For twenty years after graduation he was occupied in teaching, beginning in Derby, Connecticut. In the fall of 1827, on the opening of Western Reserve College, at Hudson, Ohio, he was appointed instructor in mathematics, and in the absence of other teachers performed the duties of the entire faculty for the first year. In May, 1829, finding the burden too severe, he resigned his position, and opened a select school in Tallmadge, which he maintained with great success until 1846, when, in consequence of impaired health, he removed to a farm in East Cleveland, O., where he interested himself in all matters of public improvement and education.

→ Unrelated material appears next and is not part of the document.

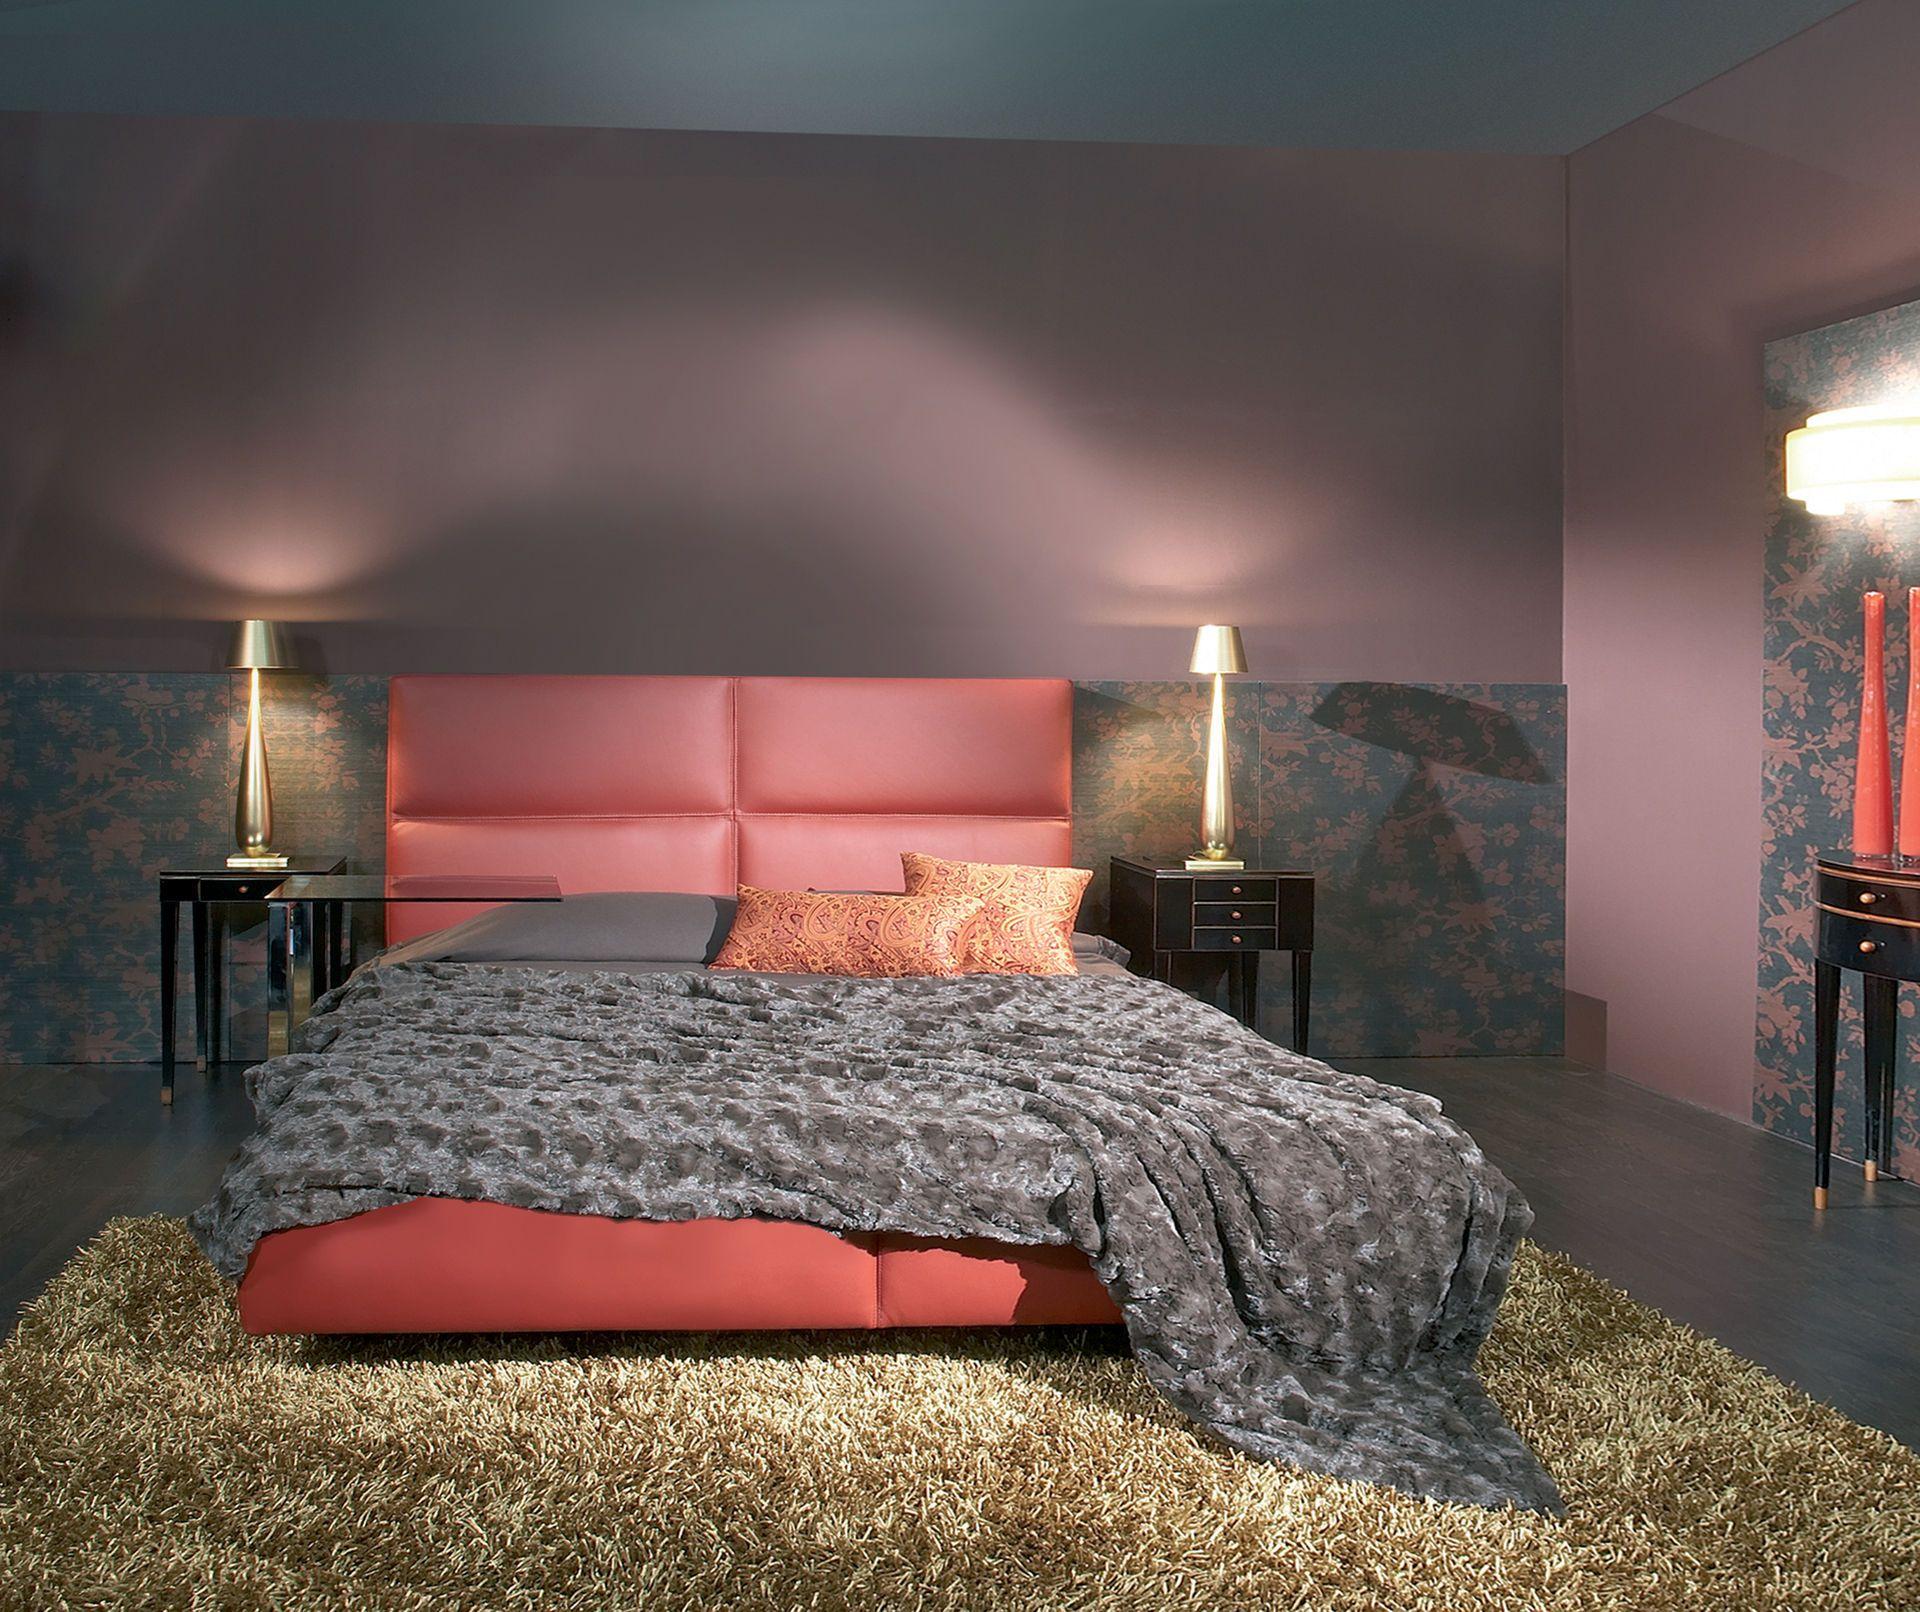 Schlafzimmer Erst Perfekt Mit Dem Richtigen Bett Bauemotion De

At length he felt obliged to remove from this trying climate, and in March, 1870, he settled on Biscayne Bay in Southern Florida, where he occupied himself in cultivating tropical fruits and flowers. He also took an active part in the Reconstruction government of the State, and was efficient in promoting the control of the Republican party. He was twice appointed County Judge, and in 1872 was elected to the Florida State Senate for four years.

In the spring of 1880 the infirmities of advancing age compelled him to return to Cleveland, where he made his home with his only surviving daughter, during the rest of his life. He died in Cleveland, December 12, 1881, aged 78 years.

In 1829 he married Helen L. Oviatt, of Hudson, who died early, leaving a daughter who survived for only a single year. He next married Julia A. DeForest, of Huntington, Conn., who died in 1845, leaving a daughter and two sons. He was again married to Frances (Pierce) Leonard, of Woodbury, Conn., who survived him with one daughter; one son by the second marriage also survived him.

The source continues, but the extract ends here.